Coleman/Franken weekend roundup
This was a big weekend for Sen. Norm Coleman and Al Franken in their bid for Minnesota's Senate seat. This is getting intense!
The big news: Franken is leading Coleman 43 to 34 percent, according to a new Minnesota poll released by the Star Tribune on Saturday. Independence Party candidate Dean Barkley is supported by 18 percent of respondents. This is Franken's first commanding lead in a poll.
According to the Star Tribune:
The survey, conducted Tuesday through Thursday by Princeton Survey Research Associates International among 1,084 likely Minnesota voters, shows Franken leading Coleman 43 to 34 percent. Independence Party candidate Dean Barkley is supported by 18 percent of respondents.
Franken’s lead is outside the poll’s margin of sampling error, plus or minus 3.7 points.
Coleman led Franken by four points in last month’s Minnesota Poll.
This is a stark difference from the SurveyUSA poll we reported on last week.

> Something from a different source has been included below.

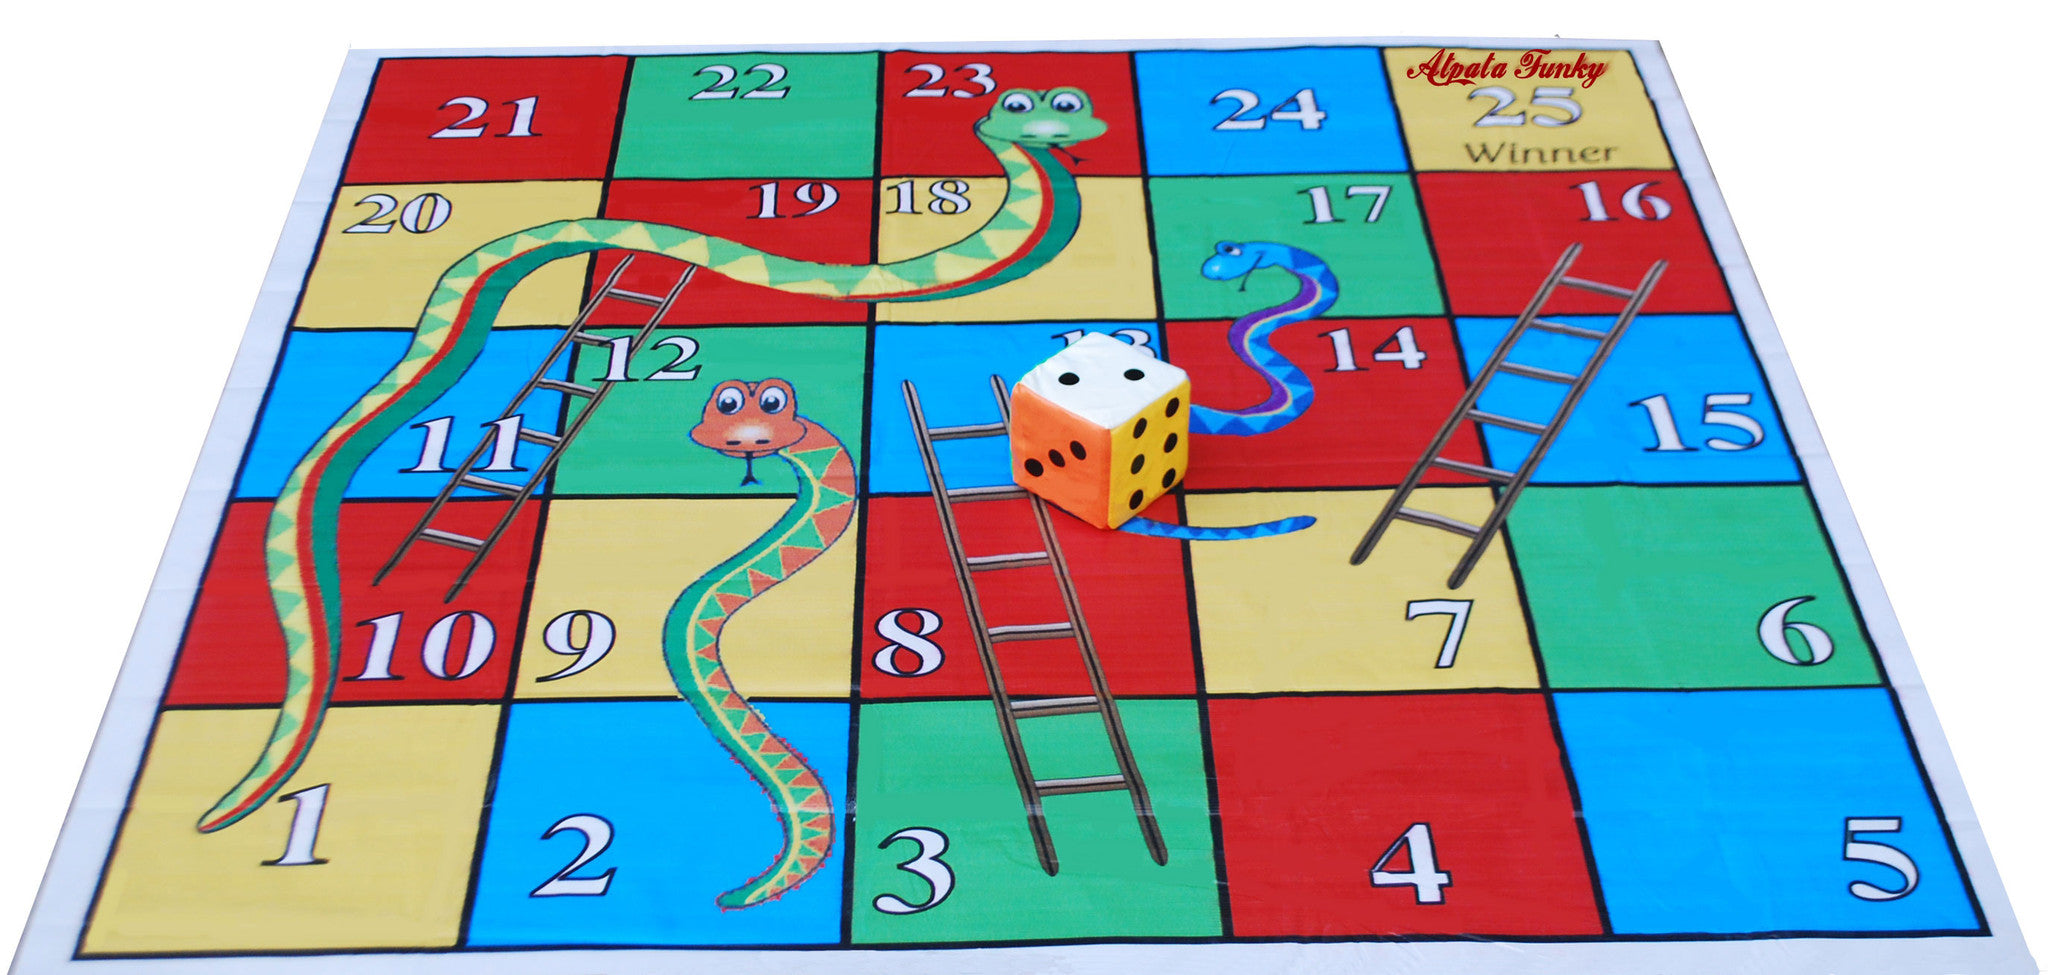 5x5 Ft Snakes Ladders Floor Mat With 8 Inch Dice Atpata Funky

The survey, commissioned by KSTP-TV the same week, showed Coleman with a 10-point lead over Franken, 43 to 33 percent.
We aren't the only ones surprised. MinnPost's Eric Black and David Brauer analyzed the two polls, favoring the Star Tribune:
The SUSA poll was taken Tuesday-Wednesday; the Strib's Tuesday-Thursday. SUSA sampled 725 likely voters, compared with the Strib's 1,084 likely voters. Both polls have a margin of sampling error of plus/minus 3.7 percentage points.
If you want to know which poll to believe more, the Strib's has the larger sample size and the advantage of the older, more established human interview methodology. SUSA uses robotic voice interviews.
One more suspicious indicator about the SUSA/KSTP poll is that the same poll of the same sample found John McCain with a slight lead over Barack Obama in Minnesota, which is contrary to the findings of most recent Minnesota prez polls.
In other debate news, the candidates faced off Sunday in a Rochester debate. The debate wasn't televised, but you can watch it here.
The Star Tribune has a recap of the debate.
Here are the highlights:
Throughout the evening, Coleman defended his six-year career in the Senate while characterizing Franken as an intemperate talker rather than a doer.
Franken linked Coleman's votes to campaign donations Coleman has taken from oil, drug and insurance interests over the years, reinforcing a line he has developed in his ads, that Coleman is a tool of corporate interests.
Barkley came out with possibly the toughest prescription of the night on remedies for the nation's ailing economy. The first bill he would propose, he said, "would be a four-year spending cap."
The negative ads in the race are receiving a lot of attention and we are sure more will be debuted as the campaign continues to heat up. We will keep you updated this week with all of the mud slinging and name calling. At least now we know they are say it to the other person's face. Sort of.